Проводив взглядом машину, Эвальд вернулся на тротуар. Пошевелил пальцами ног. В обуви противно квакало, ступни начало сводить холодным спазмом. Подошёл к стене, прислонился спиной и снял поочерёдно туфли. Под изумлённые взгляды прохожих выжал носки и, насколько возможно, саму обувь. Протёр ступни носовым платком, обулся. Посчитал мелочь в кармане – на вызов новой машины такси уже не хватало – и, пожав плечами, направился к трамвайной остановке.
Вагон плавно катился по рельсам, в какой-то момент в окнах стали мелькать люди с транспарантами. Небольшими группами шли вдоль дороги, мешая движению и провоцируя водителей на нервные удары по клаксонам. Были и другие – эти стояли на месте, зло смотрели на демонстрантов или же изредка начинали скандировать противоположные надписям лозунги. Жиденькая цепочка людей в синей форме предупредительно постукивала дубинками о щиты, не давая слиться враждующим сторонам в кровопролитном замесе.
Иногда – особенно в такие вот моменты – Эвальд чувствовал глубокое облегчение, что вырос далеко от столицы. От одной мысли о том, что он мог вот так стоять у стены с шестиполосной яркой лентой на рукаве, начинало мутить, к горлу подкатывал тошнотворный ком, а по спине пробегал холодок.
Валентин
Я никак не мог отделаться от… негодования? Глупо, в моём-то положении. Но что я ещё должен был думать? Сева с Ларисой мертвы. Всё произошедшее на привале неожиданно ярко всплыло в памяти. Я видел, как вскочил Сева, побежал прочь, пытаясь поймать кого-то невидимого и приговаривая «Кис-кис-кис, иди сюда, не убегай же». А Лариса просто свернулась калачиком, обхватив голову руками. «Не надо, не надо!» – подвывала всё тише и тише, а кожа её серела, одежда быстро сгнивала, осыпалась.

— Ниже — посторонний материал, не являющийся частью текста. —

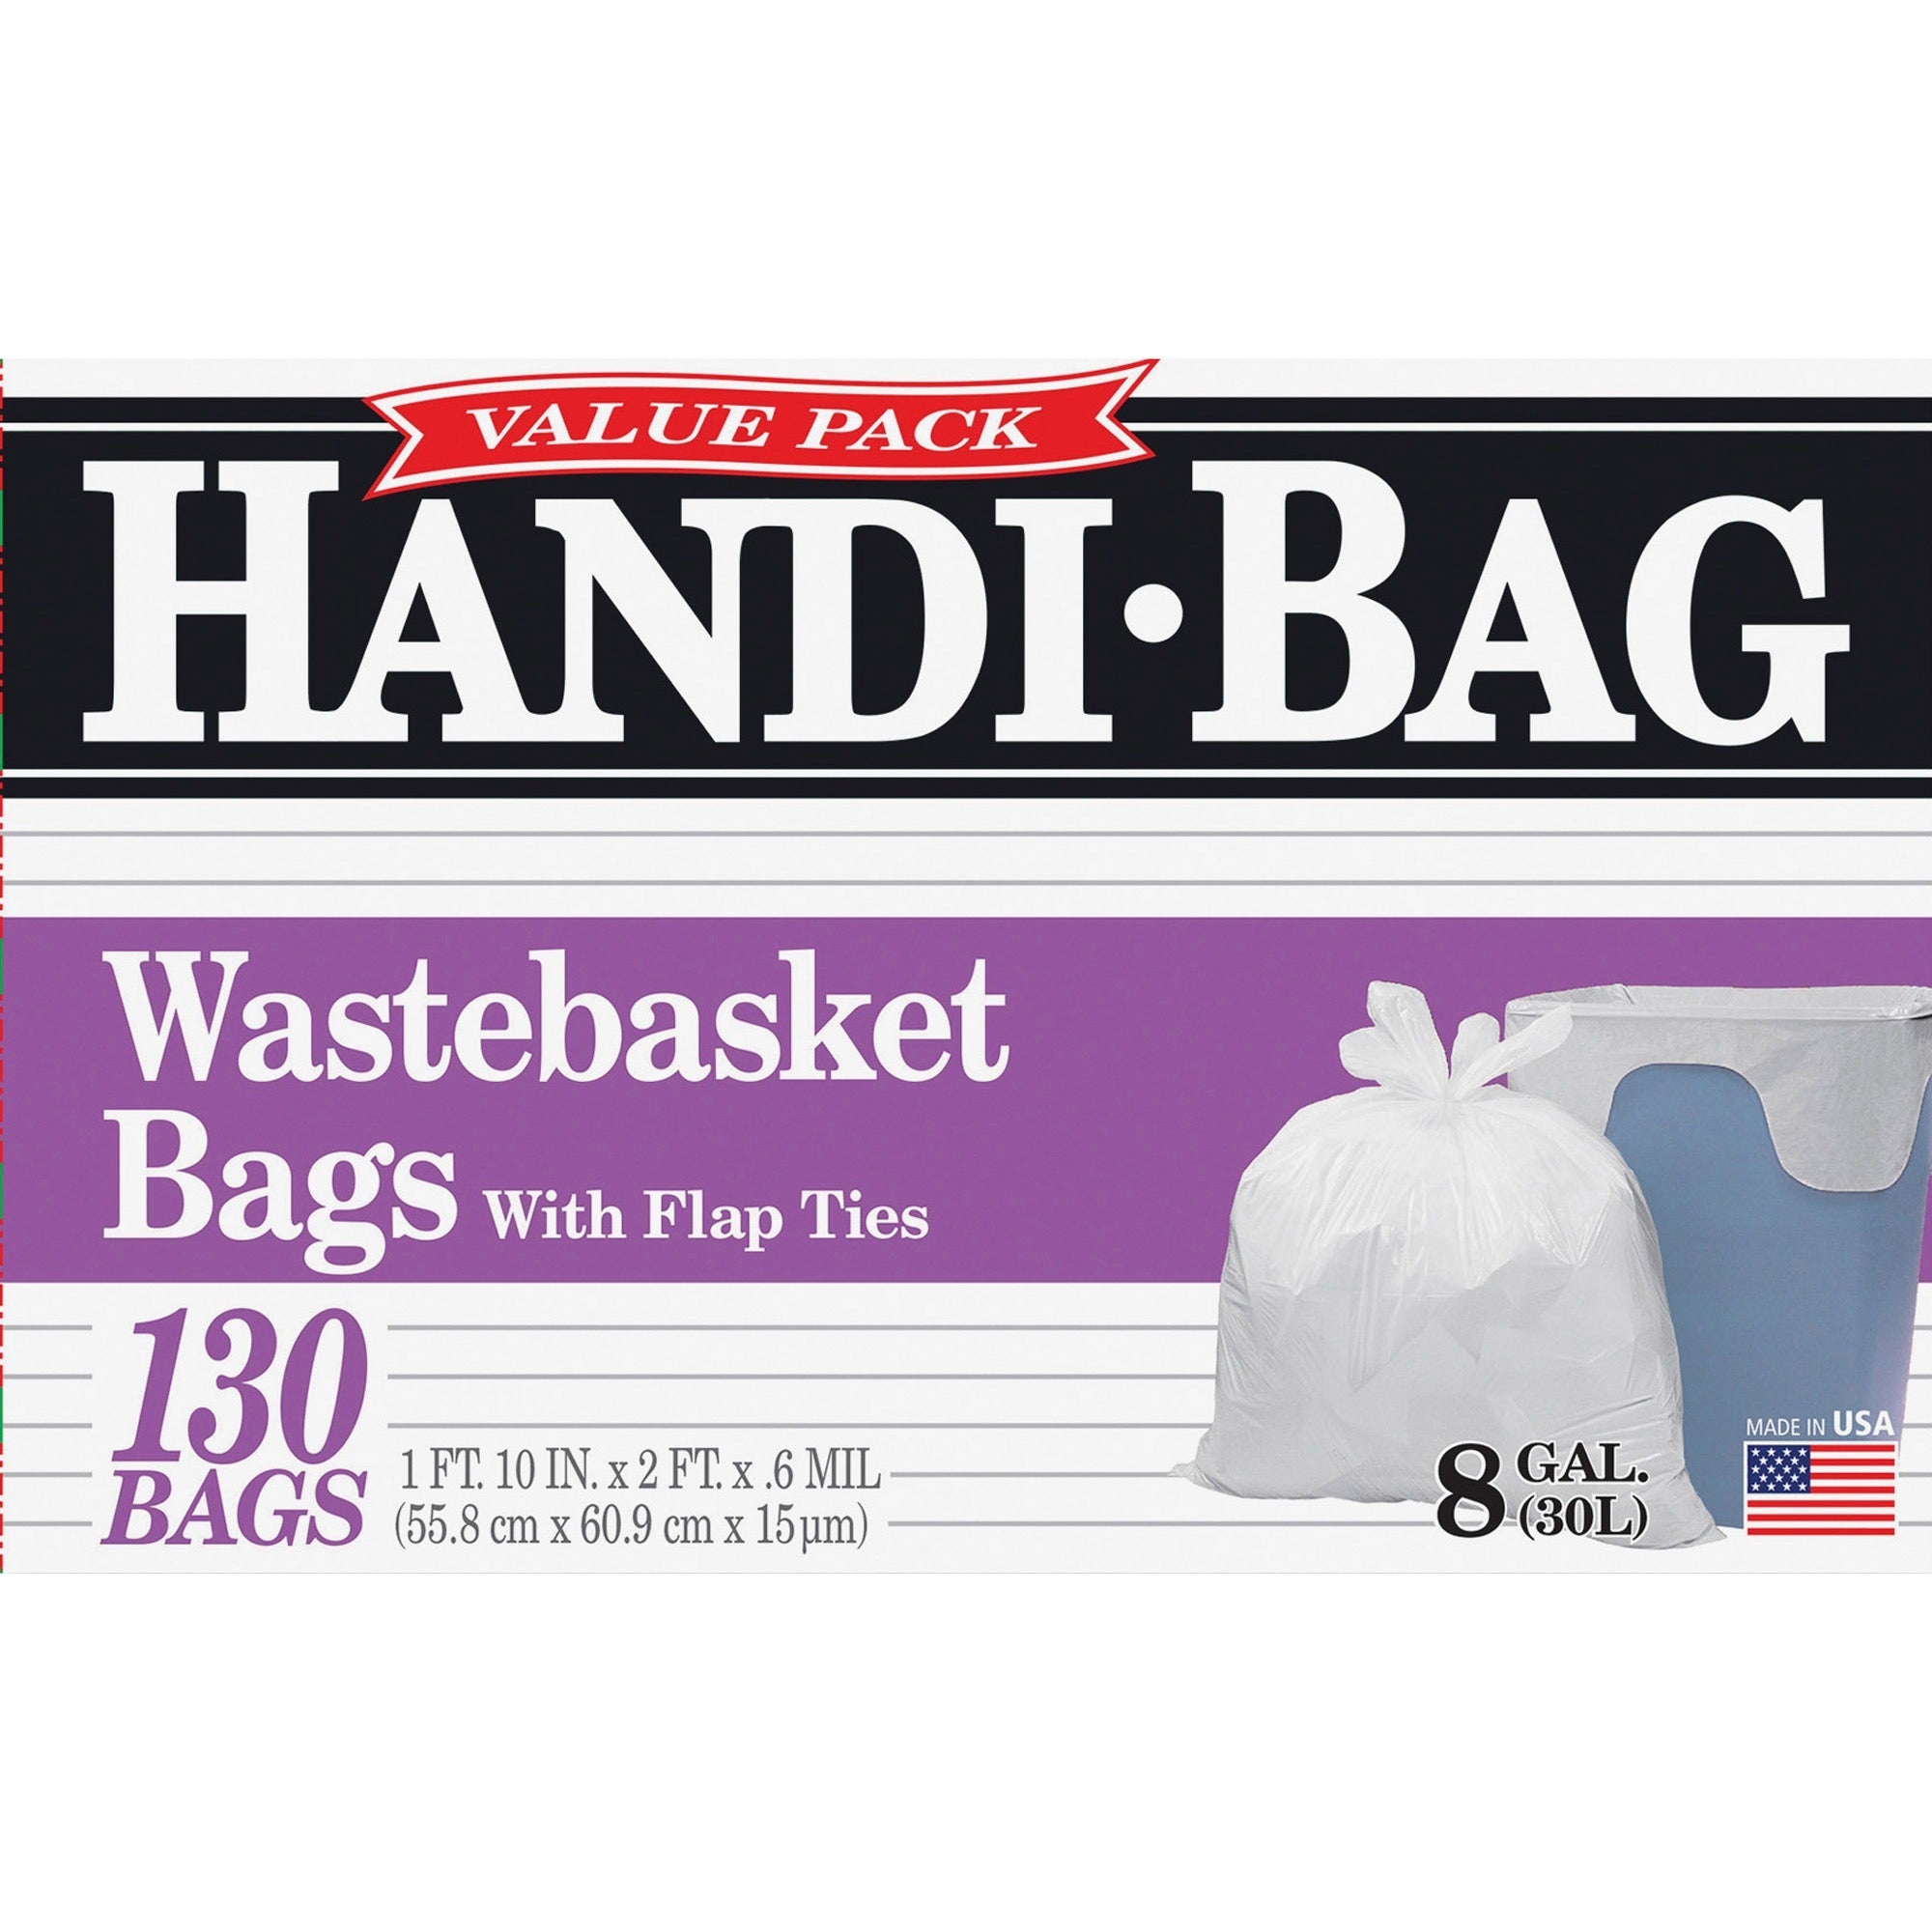 berry-handi-bag-wastebasket-bags-small-size-8-gal-capacity-2150-width-x-24-length-060-mil-15-micron-thickness-white-hexene-resin-6-carton-130-per-box-home-office_wbihab6fw130ct - 2

Девушка и сама начала рассыпаться, как пересохший песочный кулич. В итоге от неё не осталось и следа. Гопы просто лежали без сознания. Уж лучше бы сдохли они. Ладно, допустим, Дюк держал меня, не дал помереть. Но почему бросили Севу? А когда я предложил его поискать? – «Оставайся, если хочешь»!
Конец ознакомительного фрагмента.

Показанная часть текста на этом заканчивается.